OK, let me say that crying is natural to women. But men are very wary of this. It is difficult to talk about this stuff without getting emotional, and men don't like that

I didn't take the comment above as demeaning women. I heard it as a generalized statement which said: a woman's tears are generally more commonly acceptable more so than tears shed by a man. Therefore, men prefer not to cry freely, especially in front of other people, particularly other men.

However, by not stating the purpose in your original post, I "heard" an assumption that others were to figure it out for themselves, as well as the clearly written assumption, (i.e. "I thought you knew that"). I "heard" and unnecessary sarcasm, (i.e. "That would be marvelous of you" etc. in following posts.

I "heard" that you're despondent from the title of your post, and perhaps you're in pain and very frustrated. Did I get that right?

When clear communication is lacking, it's easy to misunderstand what someone else is trying to convey.

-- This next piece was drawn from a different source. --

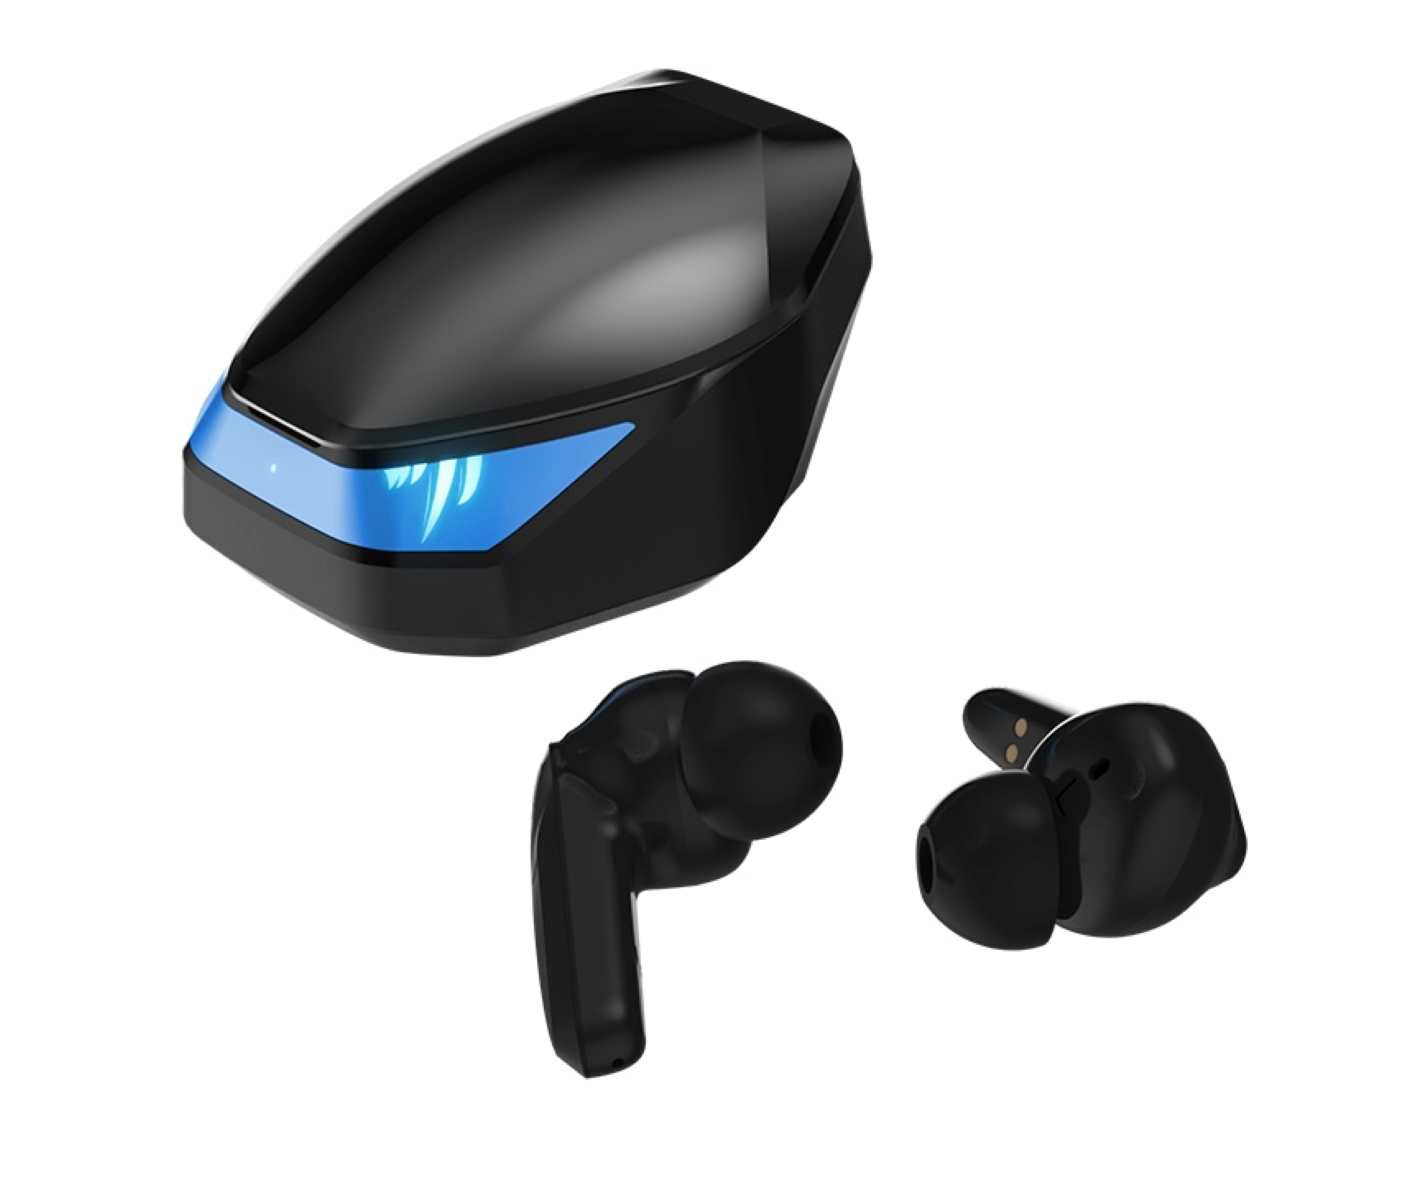 SADES Wings 200 TW-S02, In-ear schwarz/blau Gaming-Kopfhöhrer Bluetooth
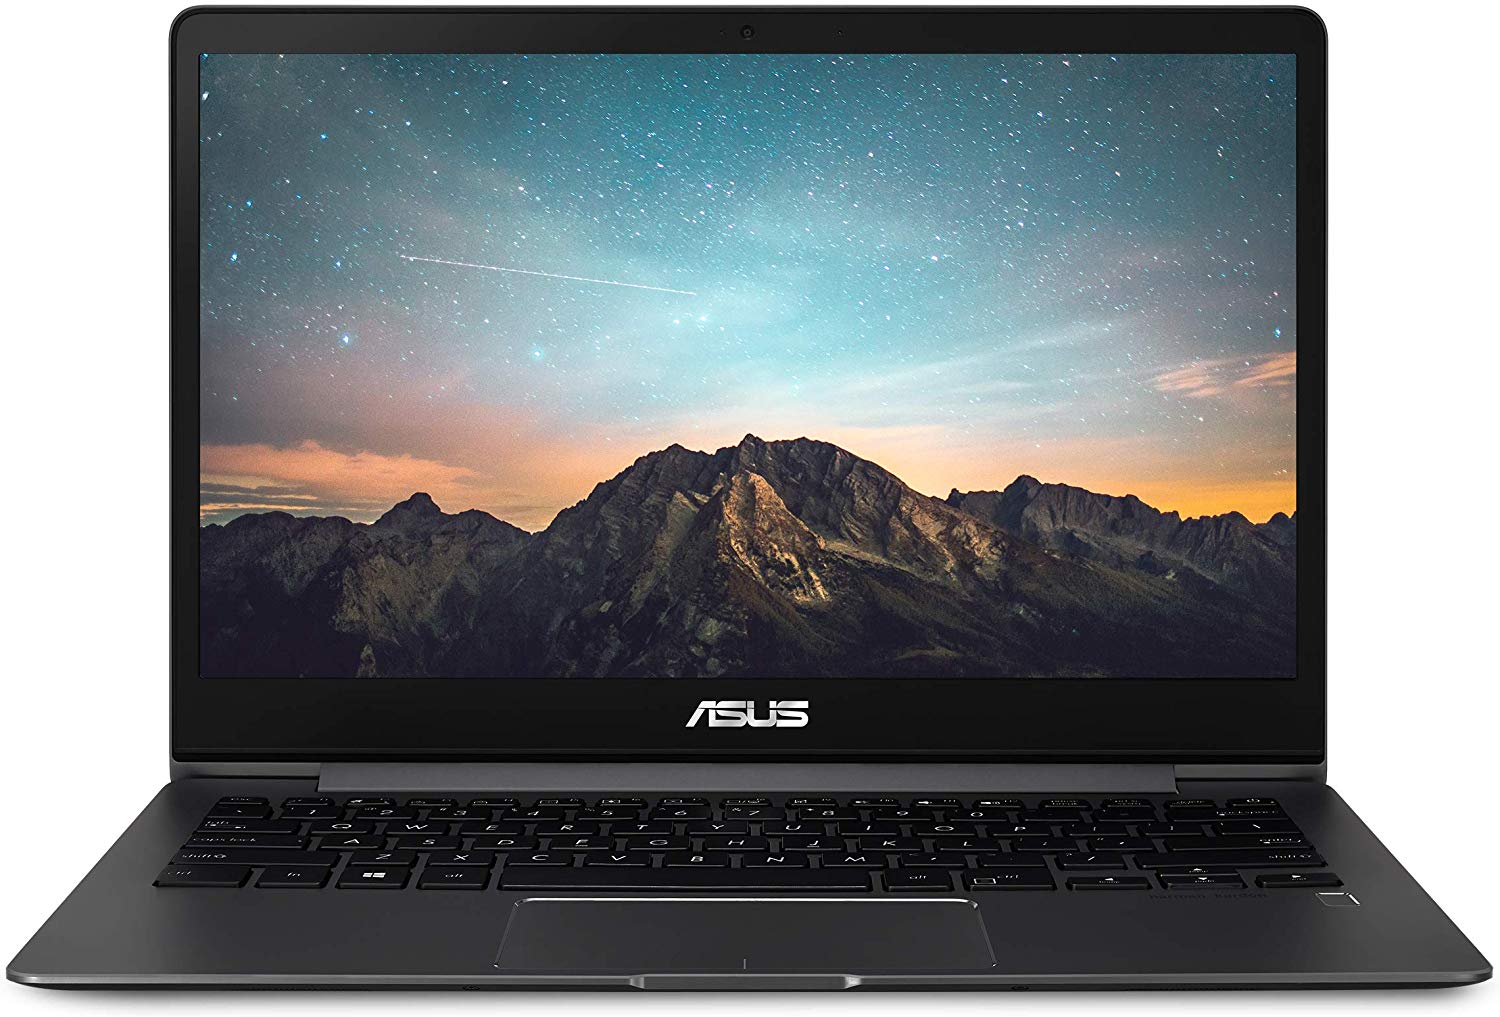 ASUS ZenBook 13 Laptop

And I so desperately want love and understanding that sometimes I forget clear communication is the key, especially when I need help and I'm hurting.

I'm sorry you received the unfavorable news, and that I can't provide any insight as to navigating systems in the UK since I'm not a resident.

P.S. "Waking the Tiger" and "Monkey Mind" are the next two books on my list.


I didn't take the comment above as demeaning women. I heard it as a generalized statement that that said: a woman's tears are generally more commonly acceptable more so than tears shed by a man. Therefore, men prefer not to cry freely, especially in front of other people, particularly other men.



So, okay - I've criticized your writing. You can consider what I've written or tell me to f_off. Either/both are your prerogative.

Clear communication is the fabric that holds humanity together.
 
Not sure what your budget is and whether you are in London or Oxford but I found Efficacy in London to be excellent

Hi dnp. I am in North West England. Thanks for the ref to Efficacy, I shall google for this.

Just to throw it out there, I have very few emotions and never cry, despite being a woman. My childhood was terrifying, and I didn't dare to show emotions or cry as I didn't know what would happen, whether I would be punished by beating, torture or death. My friend is a former soldier and has combat PTSD and he's way more sensitive and emotional than I am. He's teaching me how to feel.

dnp, I really feel for you. I want to cuddle you, and let you know that you are safe and loved. Your past is truly terrifying. Peace to you little Sister.

After my last attempt to get help I found myself getting emotional and crying about my childhood. I as so ashamed. I was not belittling women, I was simply tried to explain how difficult and shameful this is for men, It this age TV bravado does not help.